** Opening DATA BLOCK block **

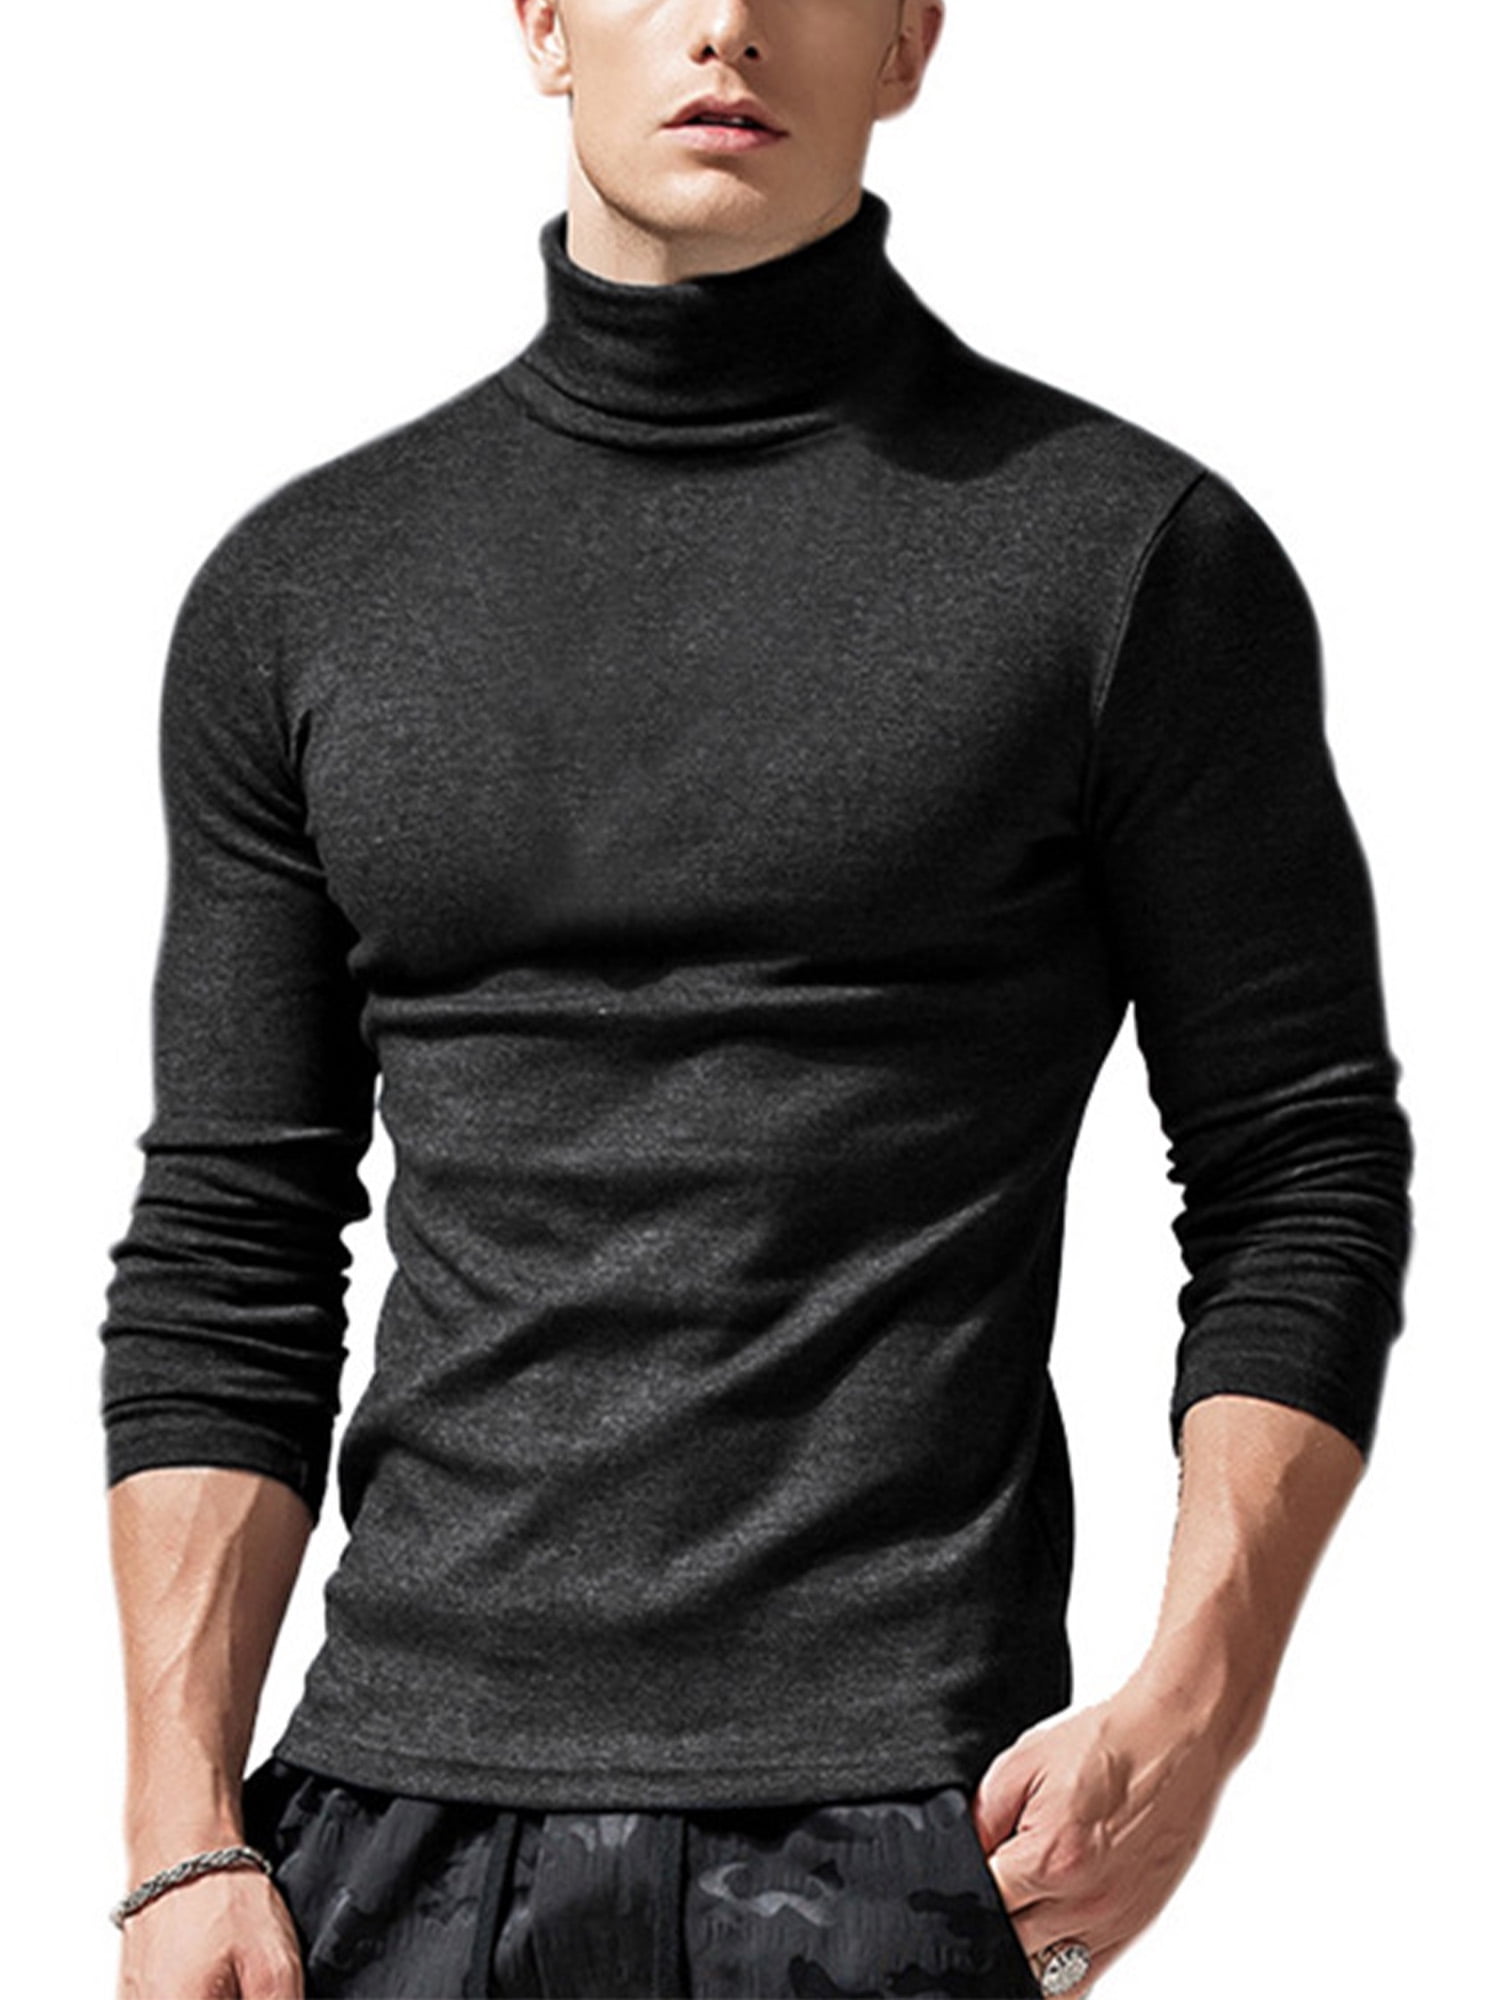 GRMO Men Warm Turtle Neck Long Sleeve Solid Knit Pullover Sweater
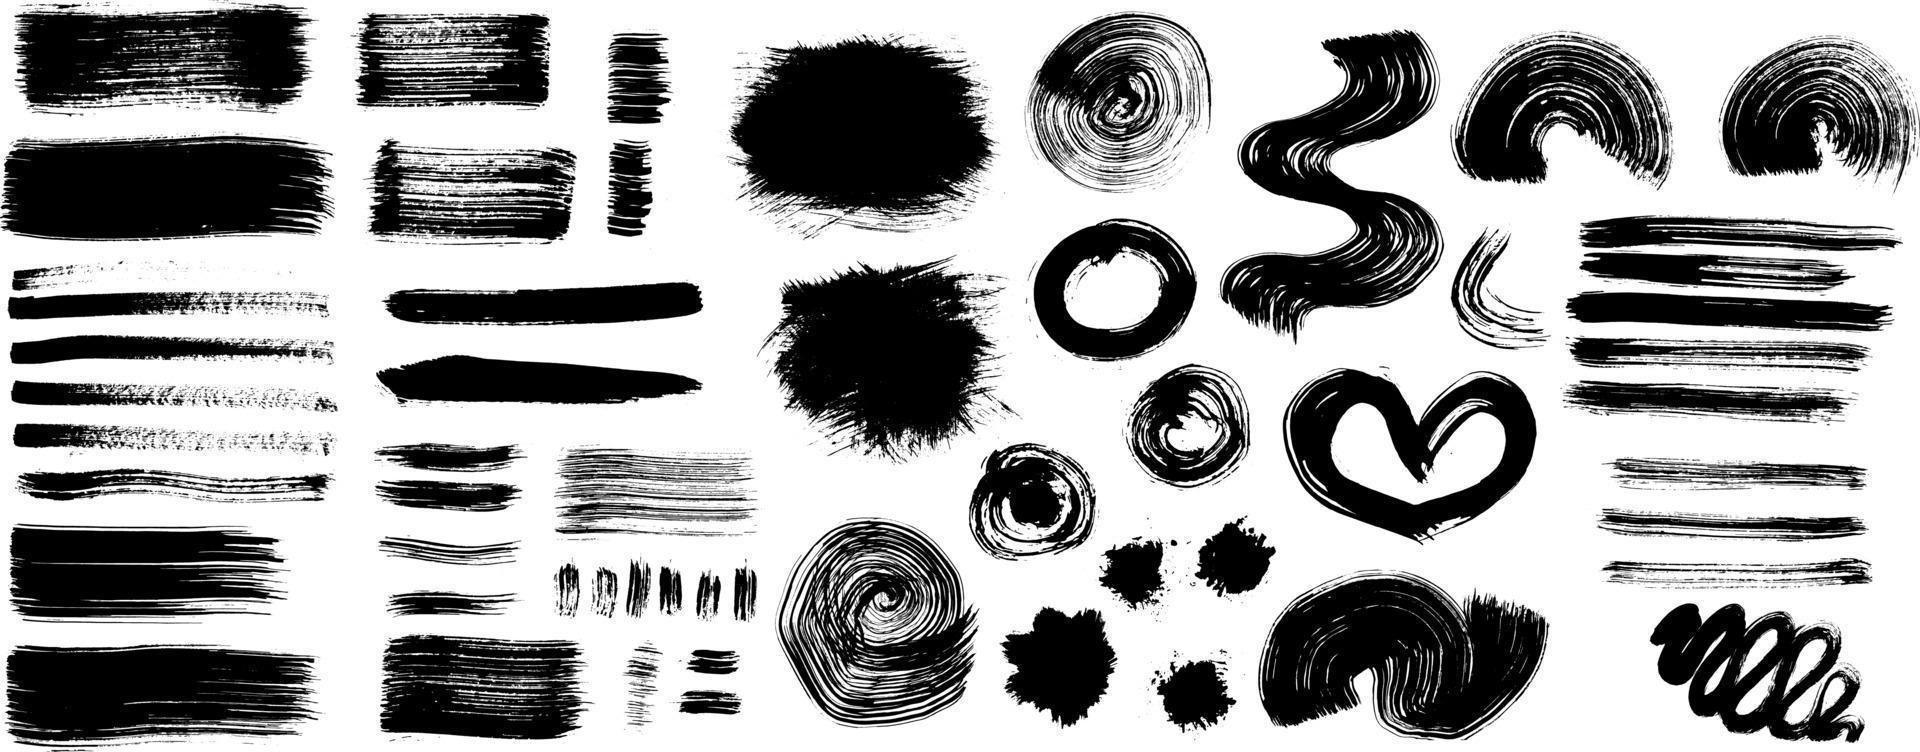 Grunge black and white urban vector big set textures template. Dark Dirty Dust Overlay Distress Background. Easily create an abstract dotted, scratched, vintage effect with noise and grain
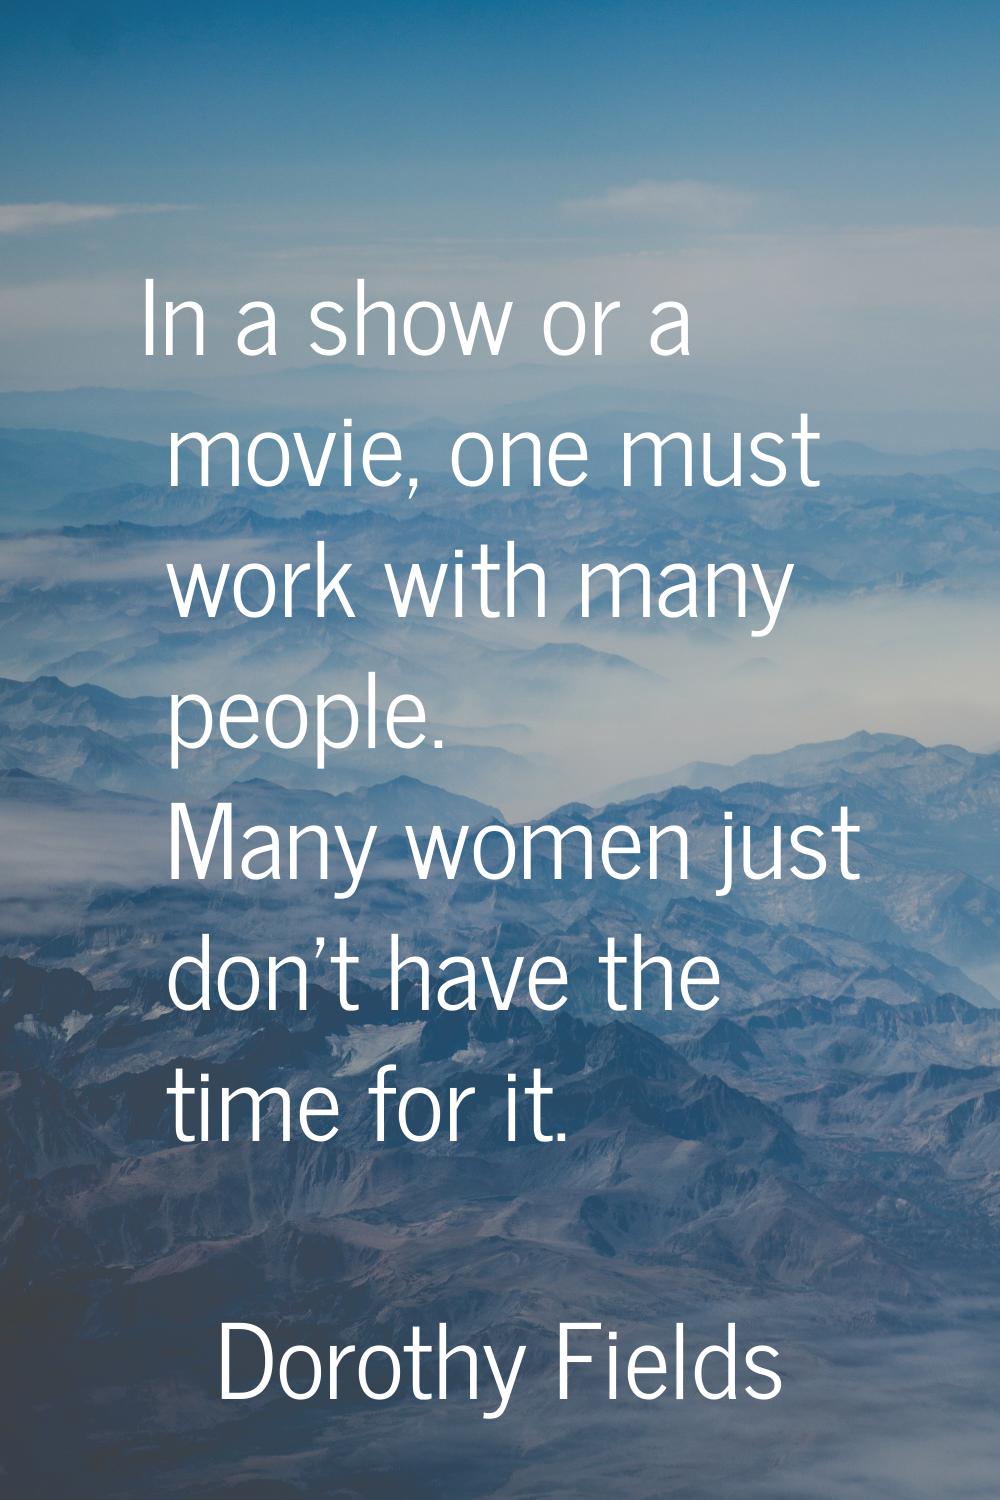 In a show or a movie, one must work with many people. Many women just don't have the time for it.
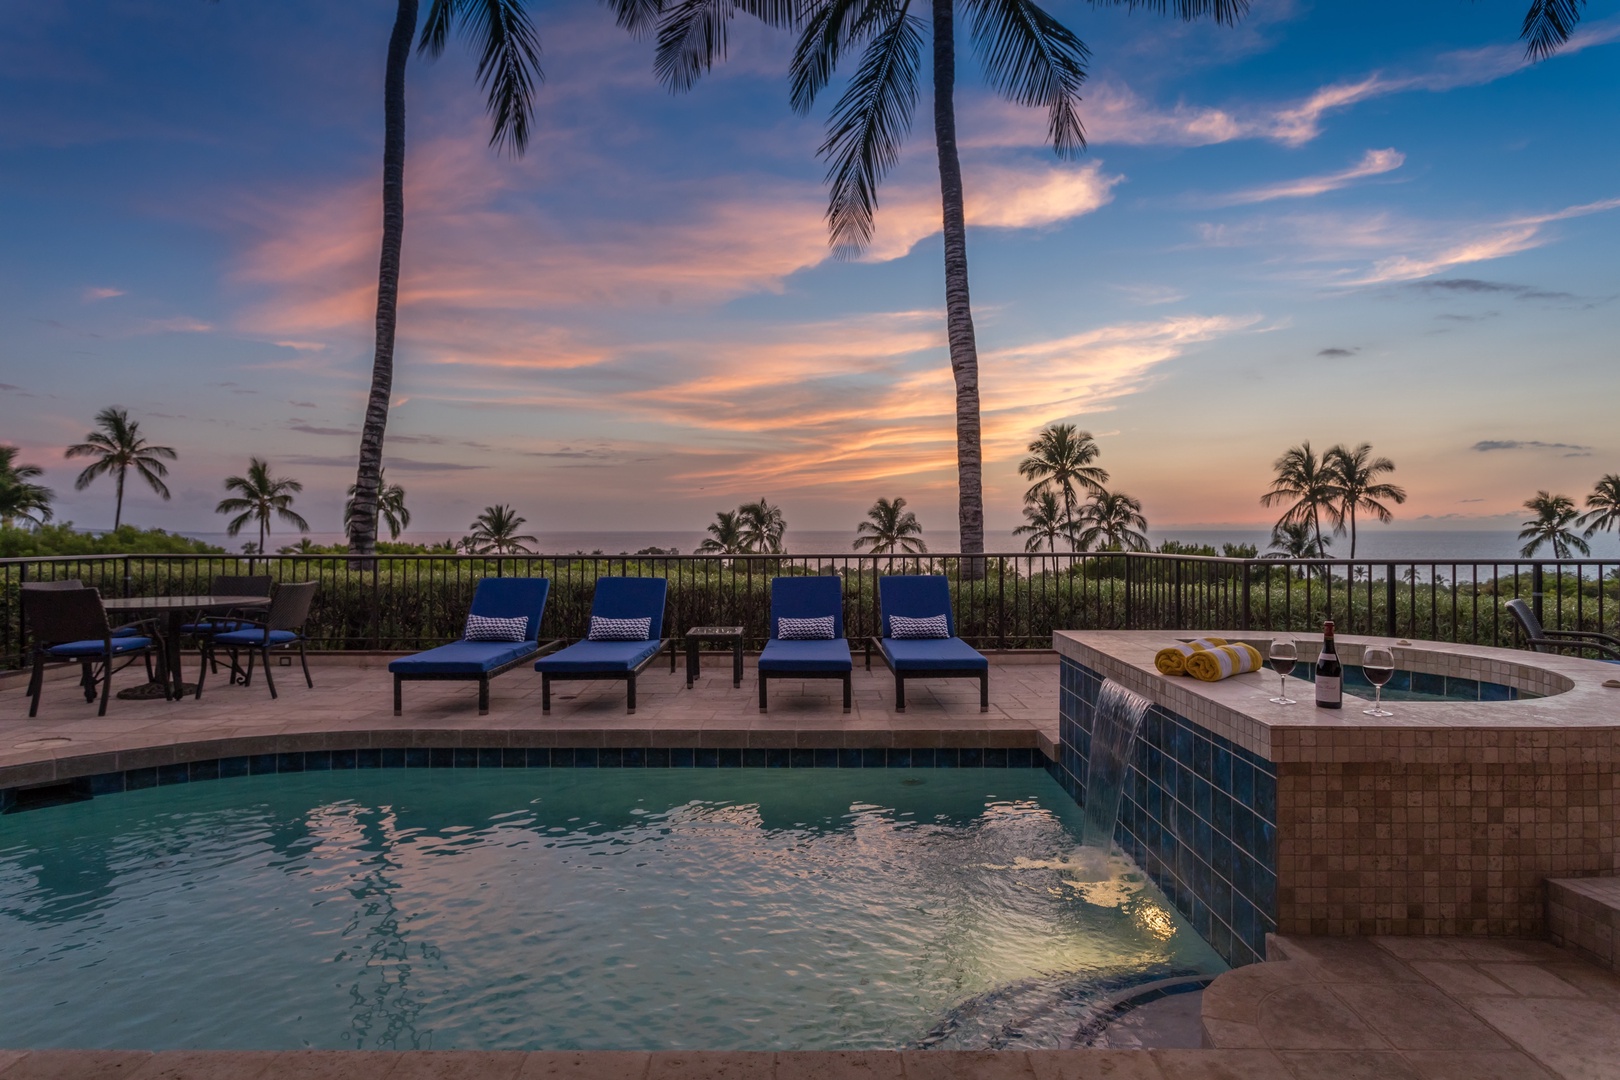 Kamuela Vacation Rentals, OFB 3BD Villas (39) at Mauna Kea Resort - Tropical sunsets from your own slice of paradise.

** Closing DATA BLOCK block **

== WORK TO BE COMPLETED ==
Return the complete material above exactly, with no picture.

== ANSWER FOR THIS EXERCISE ==
 GRMO Men Warm Turtle Neck Long Sleeve Solid Knit Pullover Sweater
 Grunge black and white urban vector big set textures template. Dark Dirty Dust Overlay Distress Background. Easily create an abstract dotted, scratched, vintage effect with noise and grain
 In a show or a movie, one must work with many people. Many women just don't have the time for it.
 Kamuela Vacation Rentals, OFB 3BD Villas (39) at Mauna Kea Resort - Tropical sunsets from your own slice of paradise.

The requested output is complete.